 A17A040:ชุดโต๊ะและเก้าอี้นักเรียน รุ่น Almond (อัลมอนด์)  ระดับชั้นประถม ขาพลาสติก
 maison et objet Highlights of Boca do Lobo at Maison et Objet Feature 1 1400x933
...
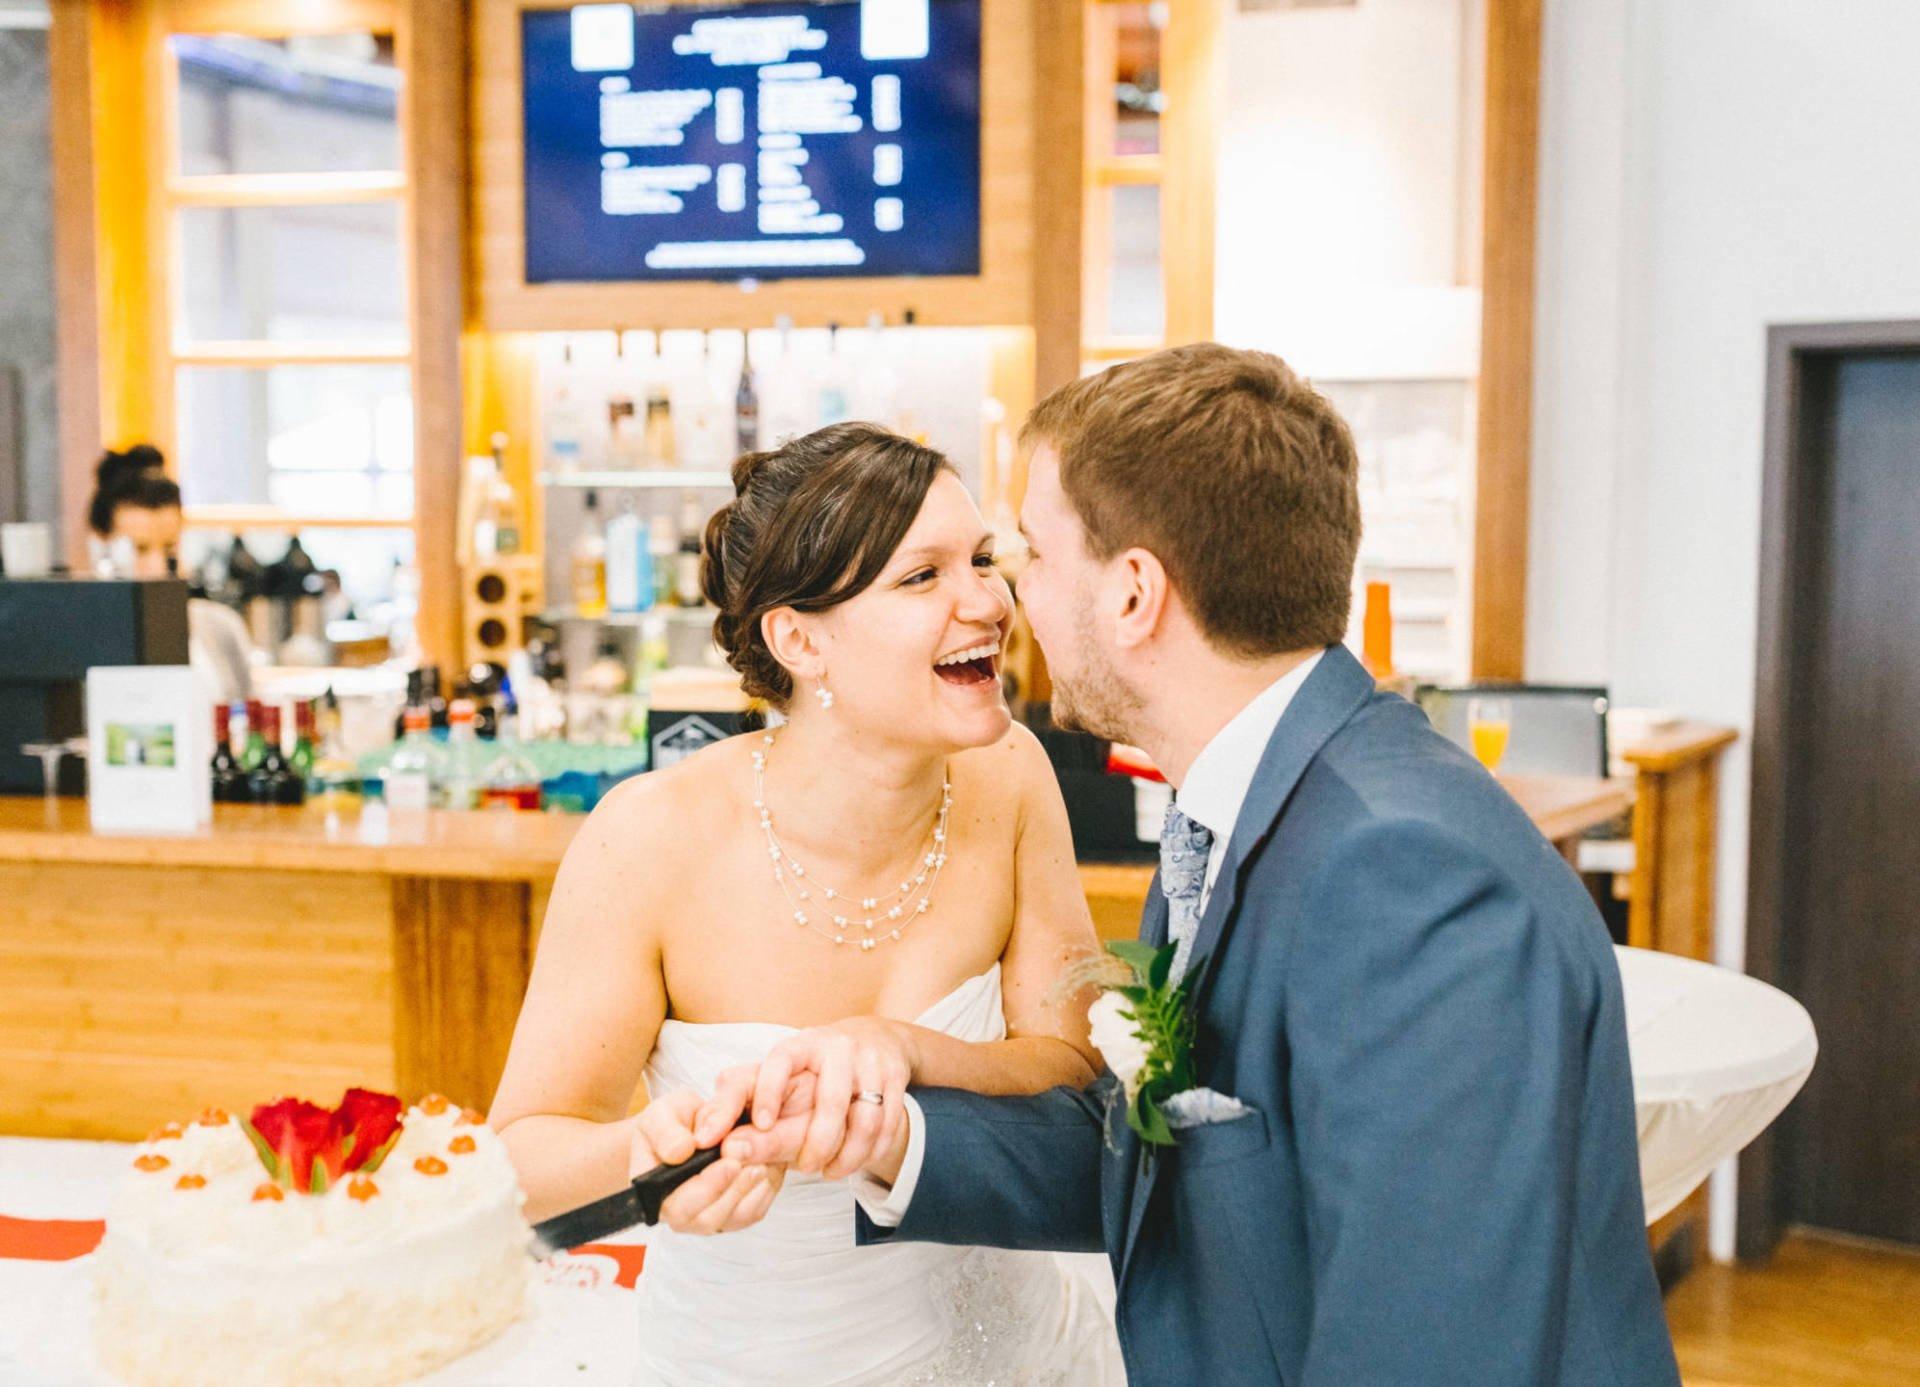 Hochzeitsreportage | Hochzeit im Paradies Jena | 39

Exercise prompt:
Set down precisely the lines above between the line holding "A17A040:ชุดโต๊ะและเก้าอี้นักเรียน รุ่น Almond" and the line holding "maison et objet Highlights", inclusive, and nothing beyond them.

Output below:
 A17A040:ชุดโต๊ะและเก้าอี้นักเรียน รุ่น Almond (อัลมอนด์)  ระดับชั้นประถม ขาพลาสติก
 maison et objet Highlights of Boca do Lobo at Maison et Objet Feature 1 1400x933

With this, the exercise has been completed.